# Enhancing Leadership in Women's Cycling



## velogirl (Oct 14, 2005)

Here's a little blatant self-promotion. Actually, it would be great to see this conference filled with fabulous women cyclists (racers and non-racers).

Coach Lorri Lee Lown was recently invited to be one of a handful of presenters at the Olympic Training Center in Colorado Springs in January 2008 for the three-day *Enhancing Leadership in Womens’ Cycling Conference* presented by USA Cycling. Lorri jokes that this is a great honor since she’s only an MBA (and most USAC presenters are PhDs). However, she has successfully charmed Sam Callan (Sport Science and Coaching Education Manager) over the years during her many visits to the Olympic Training Center as a participant in other coinferences. Lown, founder of Velo Girls, who also happens to have an MBA in Gender Relations, will be presenting on the topic of gender differences in cycling and how to develop a successful women’s cycling organization.

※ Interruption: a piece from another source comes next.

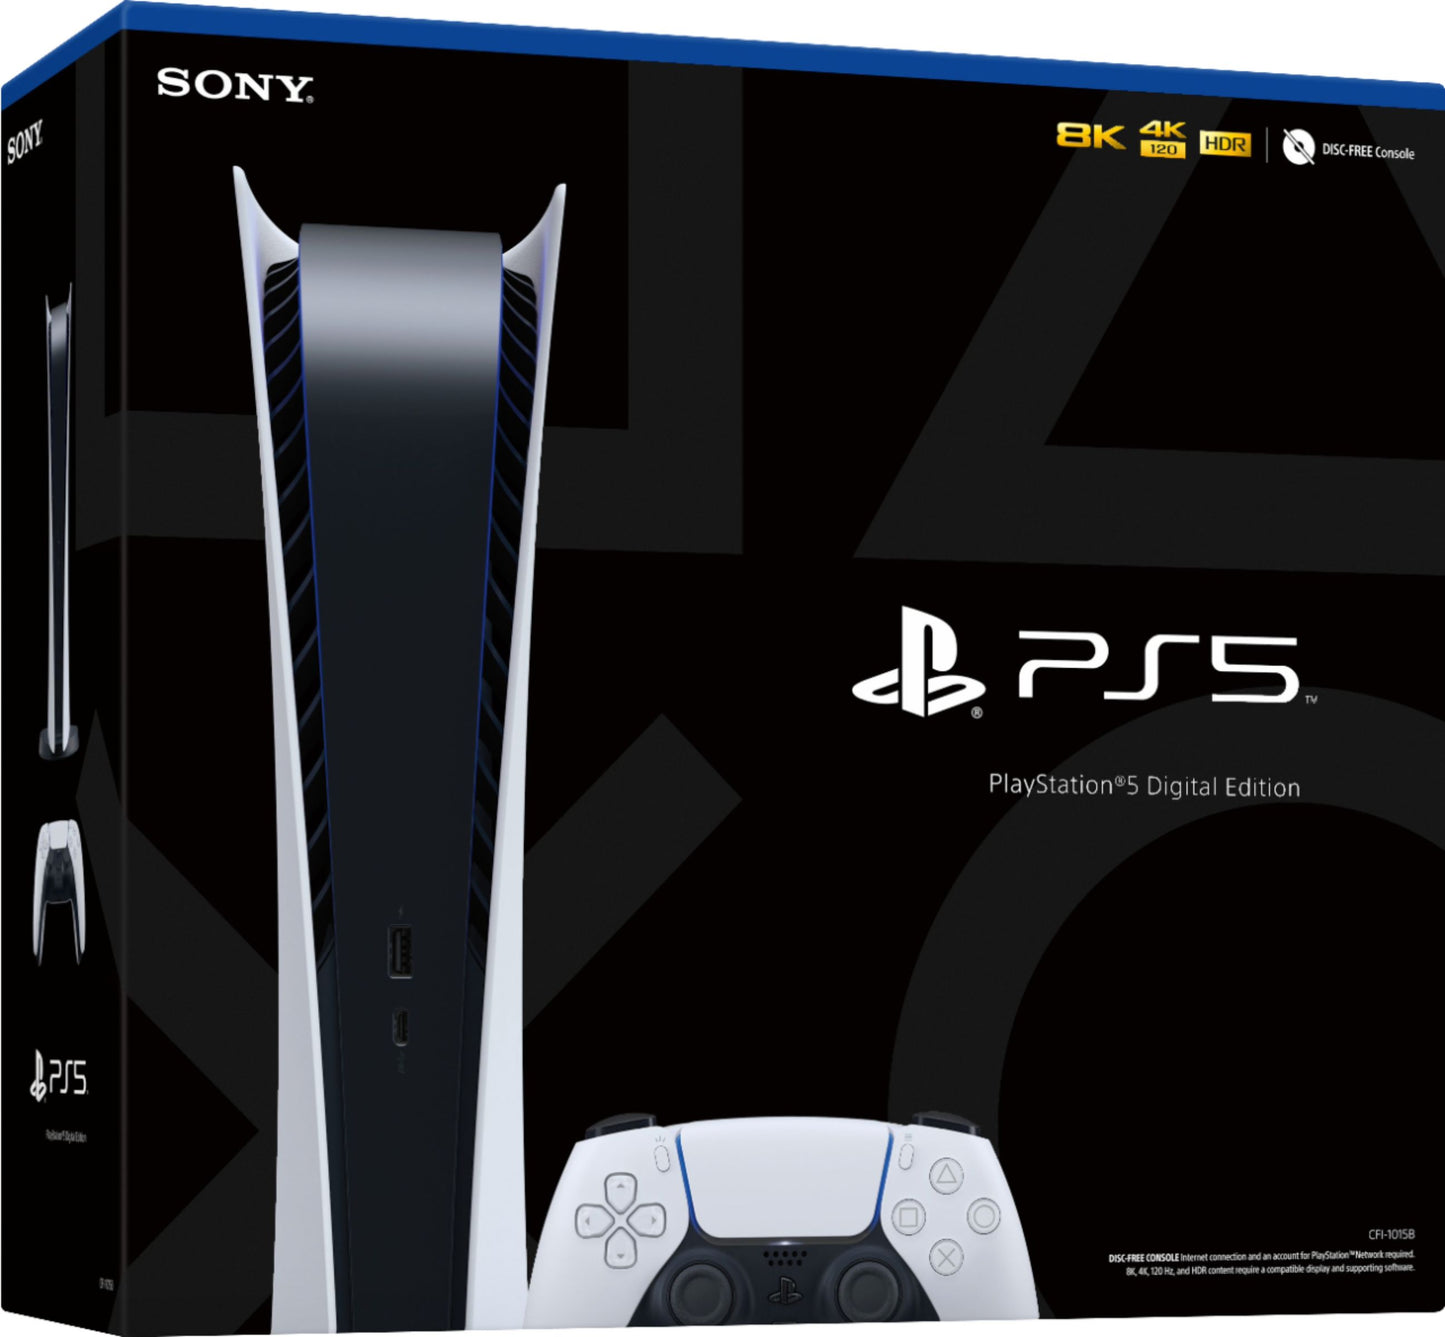 Kenyatronics - CHRISTMAS SALE! Enjoy best prices on Sony PS5 SLIM Gaming  Console and games only @ Kenyatronics.com. Explore uncharted virtual  territories and slay dragons with this sleek Sony PlayStation 5 gaming
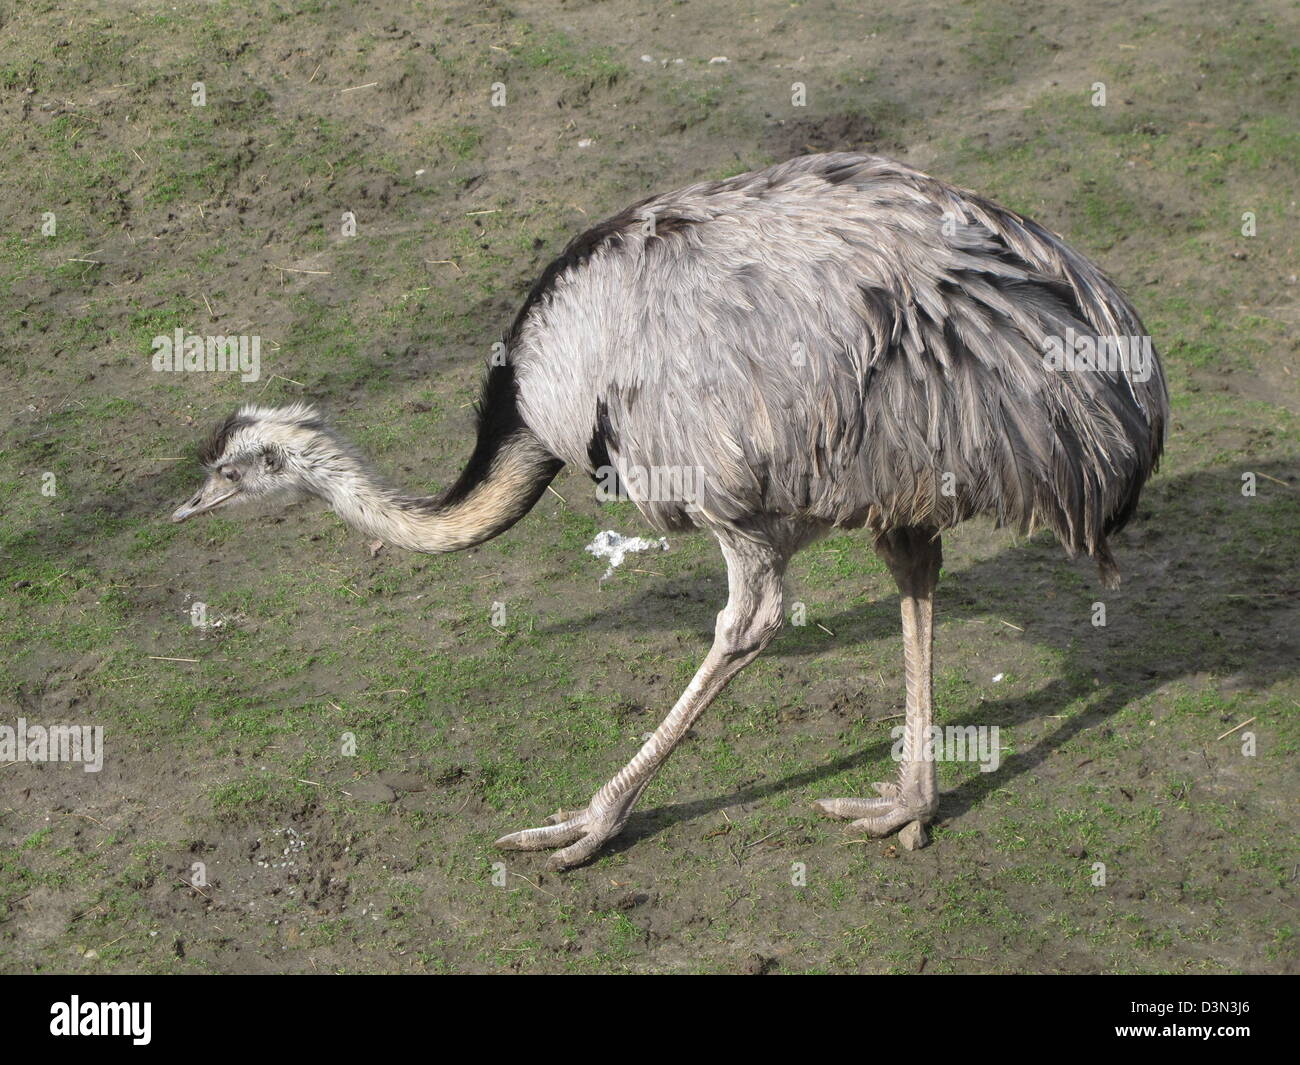 full image of a rhea on a meadow in the zoo of Copenhagen Stock Photo

The conference is open to coaches and non-coaches alike. If you’d like more information about registration, contact Sam Callan at [email protected].


----------



## Blue Sugar (Jun 14, 2005)

velogirl said:


> an MBA in Gender Relations


An MBA in gender relations? Are you sure you have that right? It's not an MA/MS in gender relations?


----------



## velogirl (Oct 14, 2005)

yup. well, actually, it's an MBA in organizational management with a concentration in gender relations -- but that's a lot to say.


----------



## il sogno (Jul 15, 2002)

I have an "Mrs." in gender relations.


----------



## Creakyknees (Sep 21, 2003)

Impressive credentials. She's no doubt familiar with NOW's successful leadership strategy:

http://tinyurl.com/28jo7p


----------



## Joe Starck (Nov 27, 2006)

*This thread reminds me...*

The Regent structure on Regent Street is a good-looking anchor for the neighborhood.


----------



## venus (Apr 27, 2006)

I recently went to a women's Trek sponsored seminar at a local bike shop. It was well attended. Support rides & events all you can.


----------